During the interview, Yu was asked many questions in regards to the past and future of the company. Yu expressed excitement about the state of the smartphone industry. “The whole industry is consolidating and some global vendors are disappearing. But even though most vendors are suffering, Huawei is growing, not only in terms of shipments and revenue, but also profit.” According to Yu, Huawei shipped 52 million smartphones last year, and are on aiming to ship 80 million devices this year.
Yu claimed during the interview that using the communications network building history of Huawei, they have been able to build devices unlike other OEMs.

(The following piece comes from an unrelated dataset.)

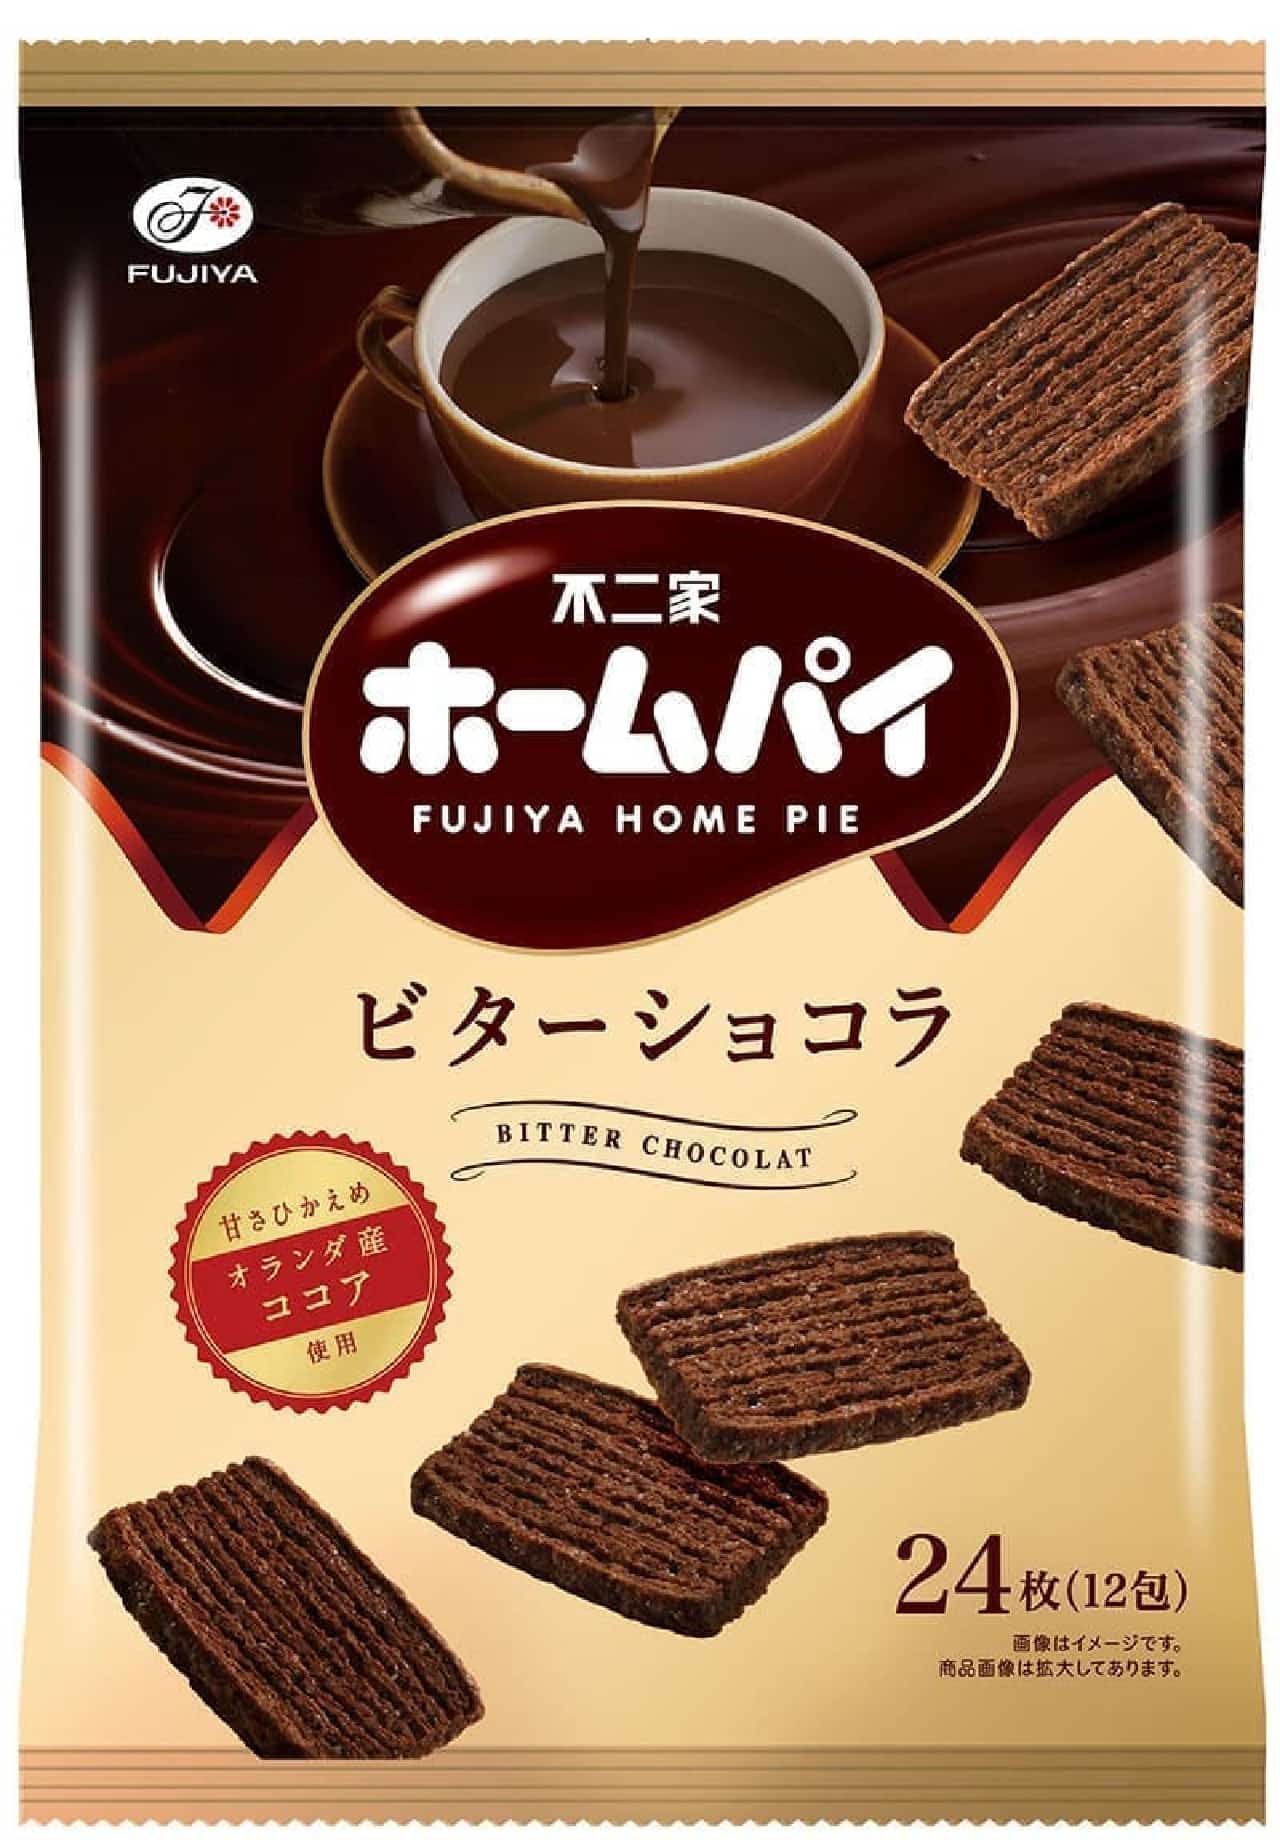 Fujiya "Home Pie (Bitter Chocolat)"

This is how they’ve been able to compete at all with brands that are more well-known. “Because we have that technology, we can make our mobile devices work better when they connect to the networks.” Yu said. Although their devices may connect better to some networks, another big challenge for Huawei is making devices that consumers want to use. One of the biggest factors is software, which can make or break a sale on any device. “We have tried using the Windows Phone OS, but it has been difficult to persuade consumers to buy a Windows phone.” Instead, Huawei has turned Android into their main focus. Yu spoke about concerns surrounding using only one OS, however he states there are no real alternatives, and when it comes to Samsung developed Tizen, “We have no plans to use Tizen.” Yu continued to say, “We feel Tizen has no chance to be successful.”
Another Chinese company that Huawei competes with is Lenovo, who is in the process of finishing up an acquisition of Motorola Mobility. When asked if Huawei is looking to follow suit and acquire another business, Yu said “Lenovo may gain market share with Acquisitions, but different companies have different approaches.” Yu continued to say, “ We invest more in research and development…Without investing more in R&D, you can’t bring better products and more value to consumers.”